Adding Static Analysis to Your C++ GitHub Repository

Static analysis can be extremely useful for monitoring the quality of your code base. These tools analyze your source code and check for certain kinds of mistakes that can be detected purely based on how the code is written. In this post, I’ll show you how you can add two free static analysis tools to a free continuous integration build for your C++ github repository.

Free Continuous Integration Builds

To get free continuous integration build on your github repository, you can use Travis. This is a free service that you enable for your repository. It uses the github API to perform a build every time you do a push to your repository on any branch, or whenever someone issues a pull request against your repository. Currently Travis supports Linux builds and MacOS builds on a case by case basis. Longer term they are working on a solution for Windows builds.

The basic mechanism that drives Travis is a YAML file named .travis.yml at the top level of your repository.

Free C++ Static Analysis Tools

The general advice for static analysis tools is to run as many tools as you can. Each tool will have its own strengths and weaknesses and will reveal different problems with your code. Since the Travis build currently only supports Linux, my choice of tools was limited to those I could run in this environment. I was already familiar with running cppcheck and the clang static analyzer in a Linux environment, so I chose those two.

cppcheck

Cppcheck is a free static analysis tool for C++ that works by matching source file tokens against a pattern for each analysis rule. It works fairly well and has the ability to explore all possible permutations of #define symbols controlling compilation of your code. Individual false positives can be suppressed by command-line argument, by a configuration file, or by annotating source code with suppression comments. I prefer the suppression comment since it will move with the code as lines are added or removed before the location of the false positive and it serves to document an analysis assertion about the associated code.

clang Static Analyzer

The clang static analyzer is a free static analysis tool that uses the clang compiler to parse C++ source files into a data structure which is then analyzed for potential problems. This has the advantage that the analysis proceeds from a properly parsed interpretation of the source file, but has the disadvantage that it can’t analyze sections of code that are disabled through use of the preprocessor.

Setting up Travis for Static Analysis

To enable static analysis for my Iterated Dynamics repository, I wanted to run both cppcheck and the clang static analyzer. I already had an existing build matrix for compiling the code with gcc and with clang using this snippet of YAML for Travis:

compiler:
  - gcc
  - clang

These tools don’t require access to compiled code in order to do their job, so I can run them in parallel with the gcc and clang builds.

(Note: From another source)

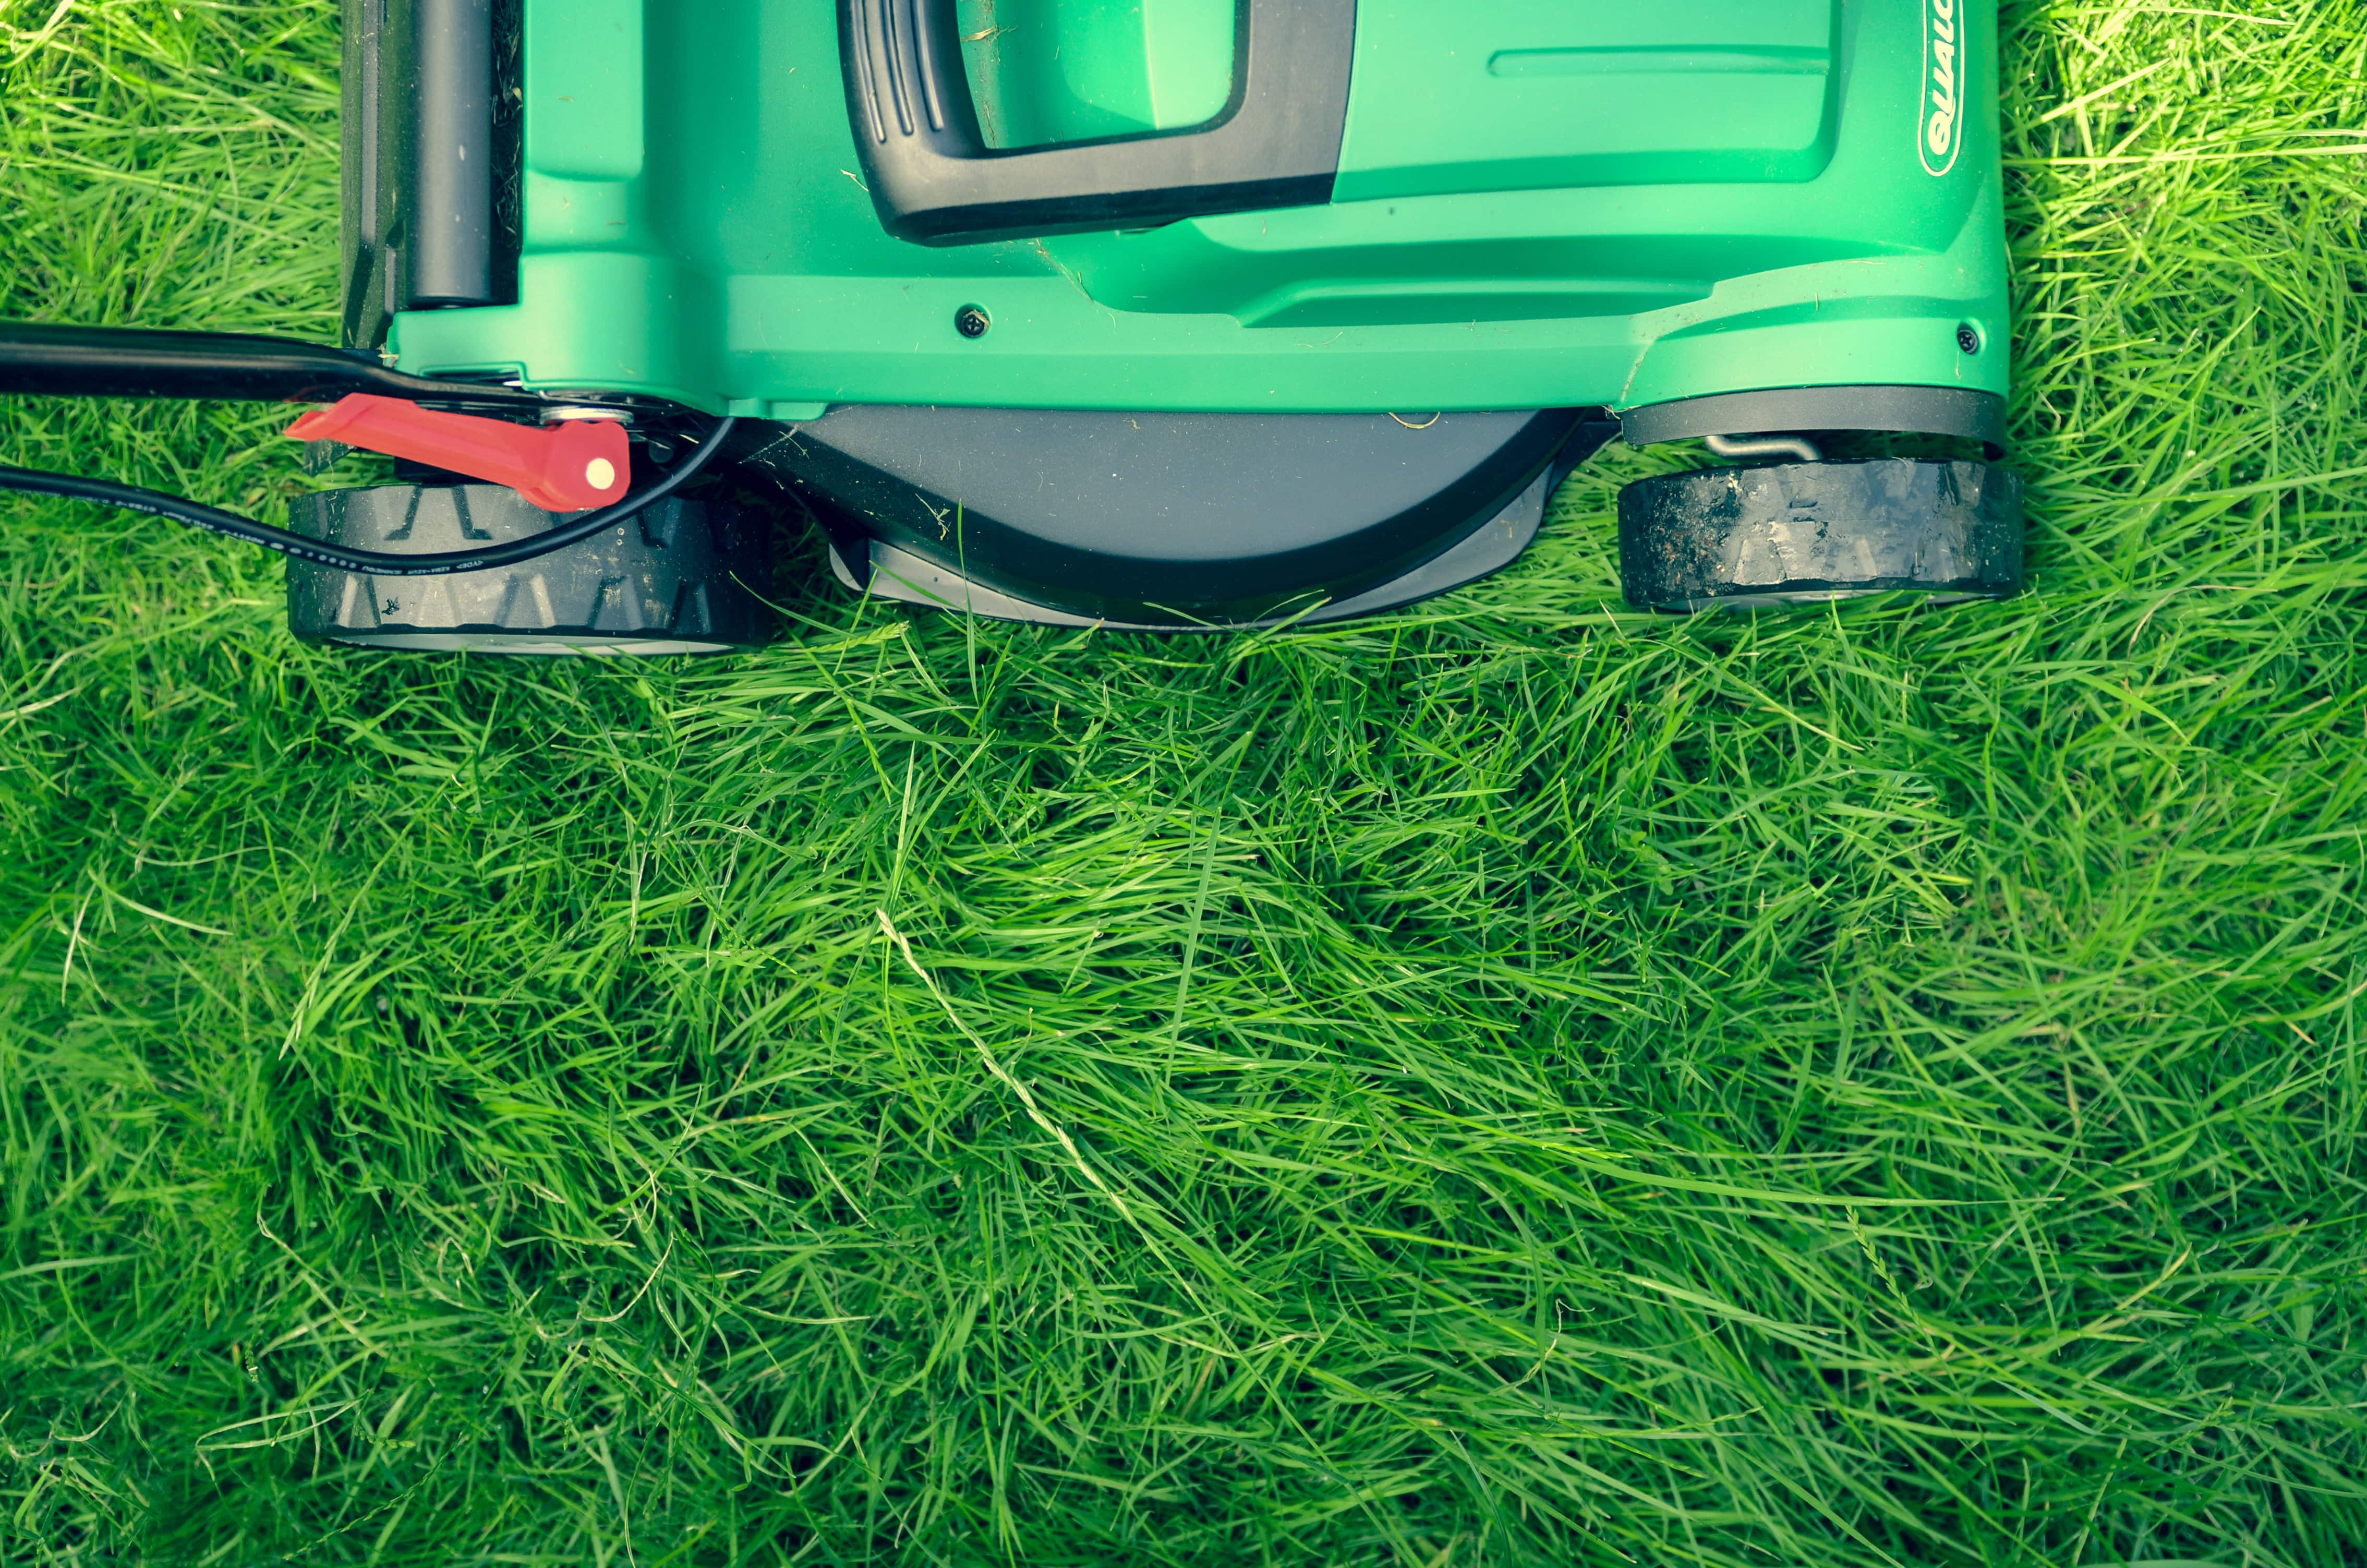 green lawnmower on grass

To do this, I added an environment variable ANALYZE to the Travis YAML file with the values true and false giving me a two by two build matrix:

env:
  - ANALYZE=false
  - ANALYZE=true

In my Travis build script, I could test this environment variable and the CC environment variable to identify the four configurations and take the appropriate action. Until this point, my build script was simply a couple commands in my YAML file, but now it was becoming a little complicated, so I moved the build script to a new file I called .travis.sh:

#!/bin/sh
#
# Build script for travis-ci.org builds to handle compiles and static
# analysis when ANALYZE=true.
#
mkdir build
cd build
if [ $ANALYZE = "true" ]; then
    if [ "$CC" = "clang" ]; then
        scan-build -h
        scan-build cmake -G "Unix Makefiles" ..
        scan-build -enable-checker security.FloatLoopCounter \
          -enable-checker security.insecureAPI.UncheckedReturn \
          --status-bugs -v \
          make -j 8
    else
        cd ..
        cppcheck --help
        cppcheck --template "{file}({line}): {severity} ({id}): {message}" \
            --enable=style --force --std=c++11 -j 8 \
            --suppress=incorrectStringBooleanError \
            --suppress=invalidscanf --inline-suppr \
            -I headers hc common headers unix win32 2> cppcheck.txt
        if [ -s cppcheck.txt ]; then
            cat cppcheck.txt
            exit 1
        fi
    fi
else
    cmake -G "Unix Makefiles" ..
    make
fi

When analysis is disabled, I use the same build commands for both clang and for gcc. When performing the analysis, I found it helpful to have the help output in the build log in case I wanted to adjust the command-line arguments, so I first run the tool to get the command-line help output. Then I run the necessary commands to perform the analysis.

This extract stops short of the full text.